Vector Network Analyzer Uses SoC FPGA

May 9, 2018 by Al Williams 15 Comments

If you are working with AC circuits a vector network analyzer (VNA) is quite handy. As an entry to the InnovateFPGA competition for students, [Evgenii Vostrikov], [Danila Nikiforovskii], and [Daniil Smirnov] created a VNA using a DE10-Nano, high-speed analog to digital and digital to analog converters, and a circulator. Most of the details are in the video below, and on the project’s GitHub page.

The DE10-Nano has a dual-core ARM processor and an Altera FPGA in one package. That allows you to use the CPUs where that makes sense and still leverage the FPGA where you need high performance.

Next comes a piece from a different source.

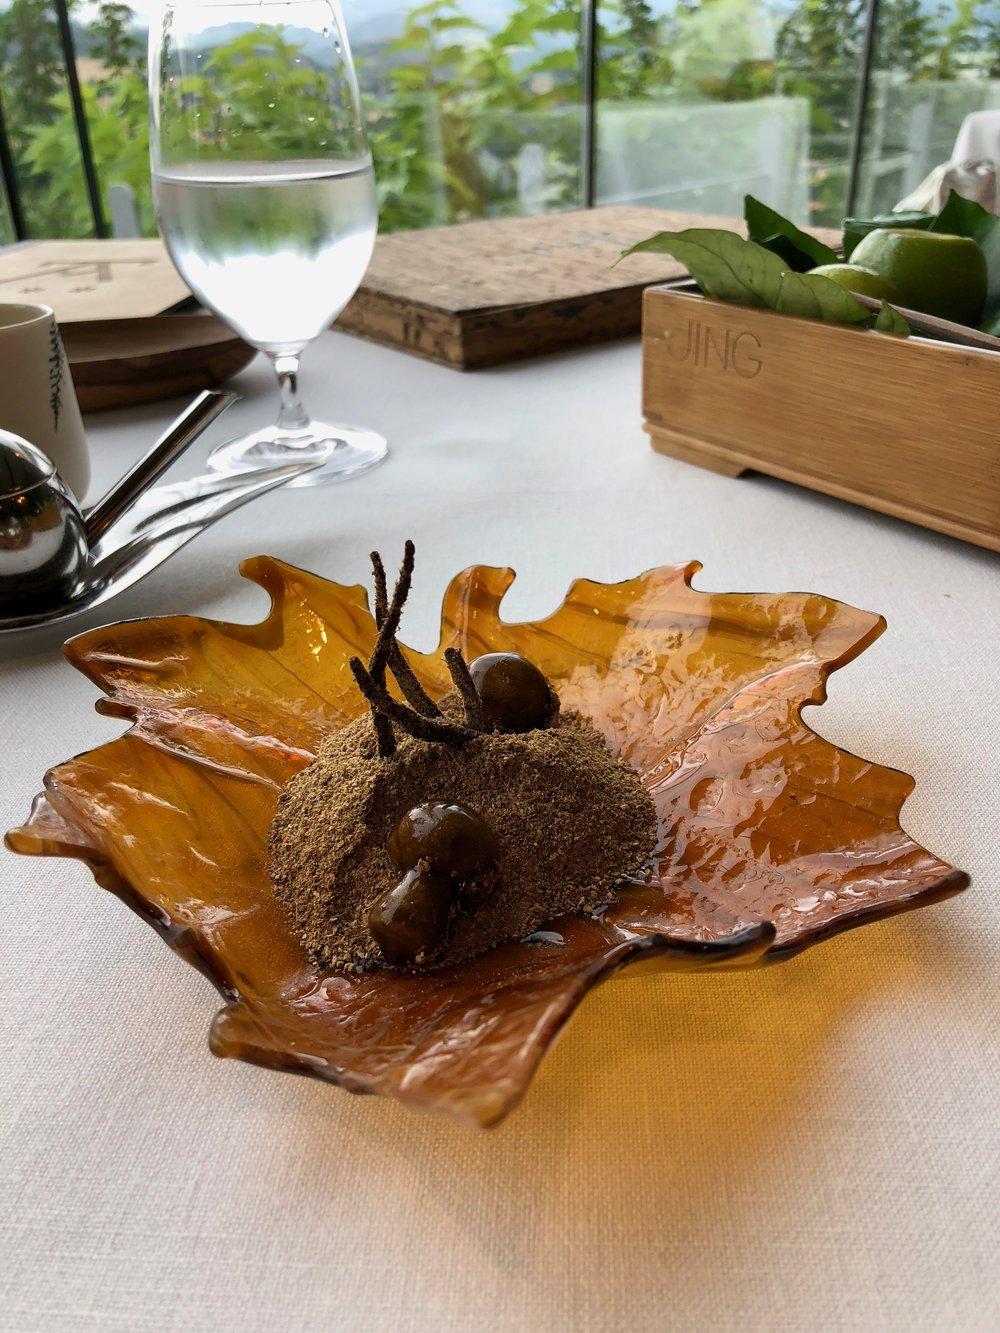 12. Mushroom Praline

The circulator uses an op-amp to allow the test signal to route to the device under test, while steering any reflected signal back to the device for measurement. The design also uses a lock-in amplifier, something we’ve talked about a few times recently. This allows less expensive converters to generate magnitude and phase information.

Judging by the fan in the video, we suspect the setup gets a little toasty. The GitHub page has a lot of Russian on it, so we aren’t sure how much we could puzzle out since our Russian skills were mostly from watching the Adventures of Moose and Squirrel.

If you are interested in a VNA, they aren’t as expensive as they used to be. Particularly, if you roll your own and already have some things in your junk box.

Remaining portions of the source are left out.